So, will the Republicans find themselves tangled up in blue, or is it all over now, baby blue?

In a September Thanks For Asking! thread, Darryl W. Perry asked:

do you want to make any predictions (can be specific or vague) about the upcoming mid-term elections?

Some high points from my reply, which you can read in its original entirety at the link if you really want to:

  • [I]t is normal for the party that holds the White House to lose seats in the midterms. So I will predict Democratic gains in Congress.
  • I do not, however, predict anything that would amount to a “Blue Wave.”
  • I do not expect the Democrats to take the Senate. In fact, there’s a real possibility they will lose seats on net.
  • [The Democrats] need to pick up 24 seats to take the House. They might do that (they picked up more than that in 2006 and 2008, and the GOP picked up more than that in 2010). But if they do I think it will be just barely.
The “blue wave” talk in the mainstream political media was just beginning to take a stumble when I wrote that. Why?
Well, it could be the usual “we have to sound desperate to Get Out The Vote” tactic that parties pull even when they know they have it in the bag (for example, the outcome of Clinton v.

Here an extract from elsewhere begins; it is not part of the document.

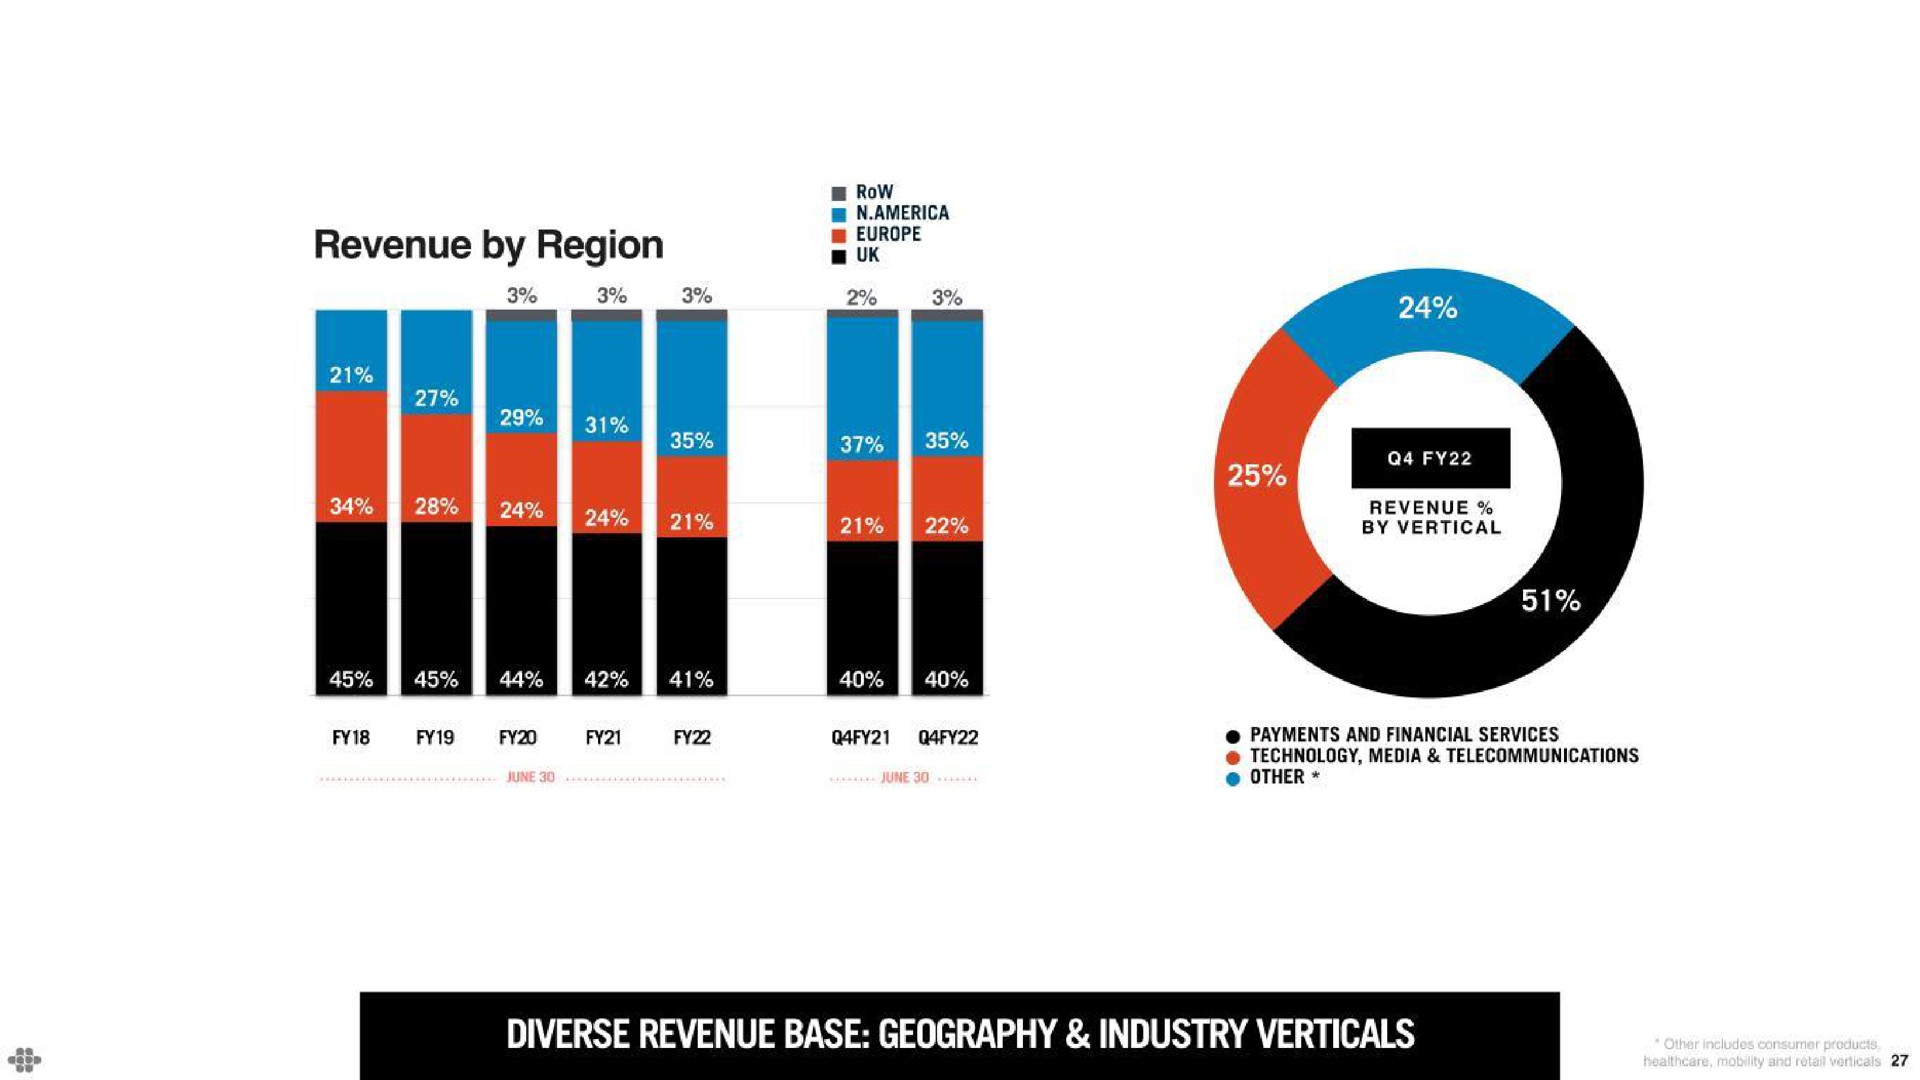 revenue by region row a oes revenue by vertical payments and financial services technology media telecommunications other as diverse revenue base geography industry verticals | Endava
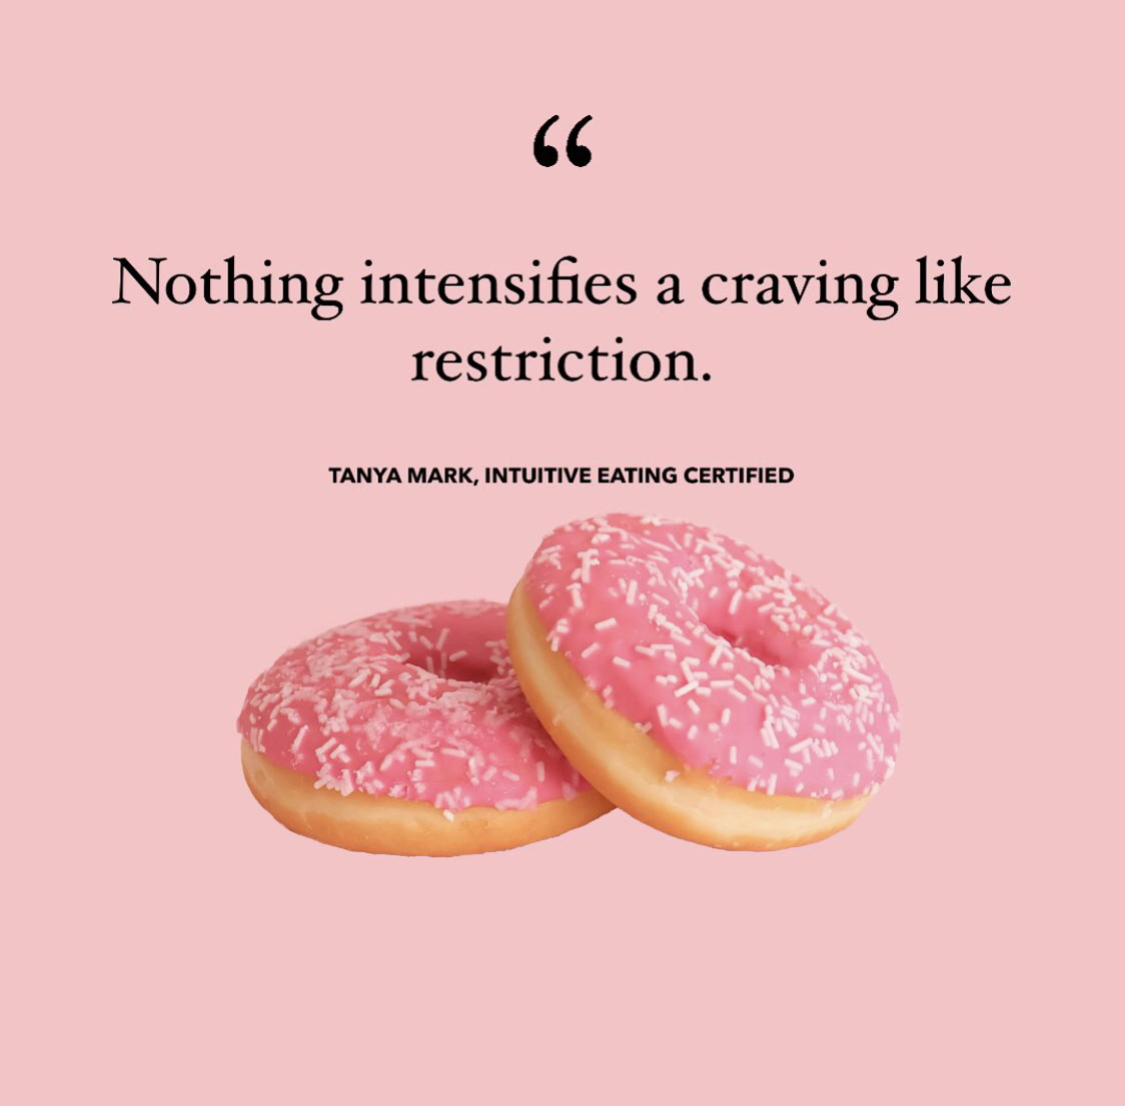 Learn to eat intuitively and beat sugar cravings

Dole in 1996 was never in serious doubt, but the Democratic strategy was to pretend that it was so as to get their base alarmed and off its ass; and the Republicans, of course, pretended Dole had a chance for the same reason).
Or it could be that they sobered up and looked at the actual numbers.
As of today, 538 — which hasn’t done nearly as good a job as I do at picking overall outcomes over the last decade or so — forecasts a one in six chance of the Democrats taking the Senate and a five in six chance of the Republicans keeping control of the Senate, with an 80% chance that the outcome will wall within the range of “Democrats gain two seats” and “Republicans gain four seats.”
I think 538 is probably getting it right this time.
Here’s the problem for Democrats:
Of the 35 Senate seats up for election (33 normal, two special elections), 26 are currently held by Democrats and only nine by Republicans.
To put it a different way, Republicans only have nine seats to defend, leaving them free to attack those other 26, while Democrats have to defend 26 seats and only have nine places to go on the attack.
The Democrats are almost certainly going to lose a seat in North Dakota, are very likely to lose a seat in Missouri, and are quite possibly going to lose seats in Montana and Indiana. As of the thread above, I also had Florida in play, but at the moment I’m expecting it to stay Democratic. So let’s call it four seats that they may lose.
How many currently Republican seats might they gain? 538 has Arizona and Nevada in the toss-up category. I think the GOP will almost certainly hold Arizona and am skeptical that the Democrats can take Nevada. But even if Democrats win both those states, that’s a net loss of two seats.
I could be completely wrong here, but you know how I am. I’m going to go ahead and call it and then see if I’m right or wrong. I think it will be a GOP net gain of four seats.
As always, it comes down to “who gets the vote out best.”
It was already looking to me like the Republicans were going to win on that metric when I replied to the Thanks For Asking! question. To the degree that the midterms were a referendum on Donald Trump, his base still loved him and was going to go vote because he told them to, while the Democrats still seemed attached to the stump-stupid idea that whining about !Them Russians! beating Hillary Clinton two years ago would get their people out.
The “October surprises” don’t seem likely to change the equation. I think that Trump is having better luck scaring the bejebus out of his base with the “caravan” nonsense than the Democrats are having or are going to have with anything they’ve done or are likely to do.
In fact, I suspect that the likely Democratic strategy for the next two weeks — screeching that the Trump base is pretty much entirely composed of people who mail pipe bombs to Democratic politicians — will help the Republicans more than it helps the Democrats on GOTV terms.
I do expect Florida to stay blue at both the US Senate level and for governor, because:
  • For Senate, Floridians just seem far more tired of two-term governor Rick Scott, the GOP nominee, than they are of Bill Nelson, the three-term Democratic incumbent. They both suck, but the suck is especially strong with Scott.
  • For governor, the Democrats nominated a corrupt African-American southern mayor (Andrew Gillum) and the Republicans nominated a nutzoid racist creep (Ron DeSantis). That’s a tough call, since southern voters seem to love both corrupt mayors and nutzoid racist creeps. But I’m betting that 1) two terms of Rick Scott has worn out the GOP’s welcome in the governor’s mansion for a term or two, and 2) the African-American vote will turn out big (not just for Gillum, but also for a ballot measure aiming to restore former felons’ voting rights, denial of which has been a tool to suppress the African-American vote since Reconstruction). I also suspect, or at least hope, that the nutzoid racist creep factor will drive a some “moderate Republican” votes away from the GOP and to my friend Darcy Richardson, the Reform Party’s nominee.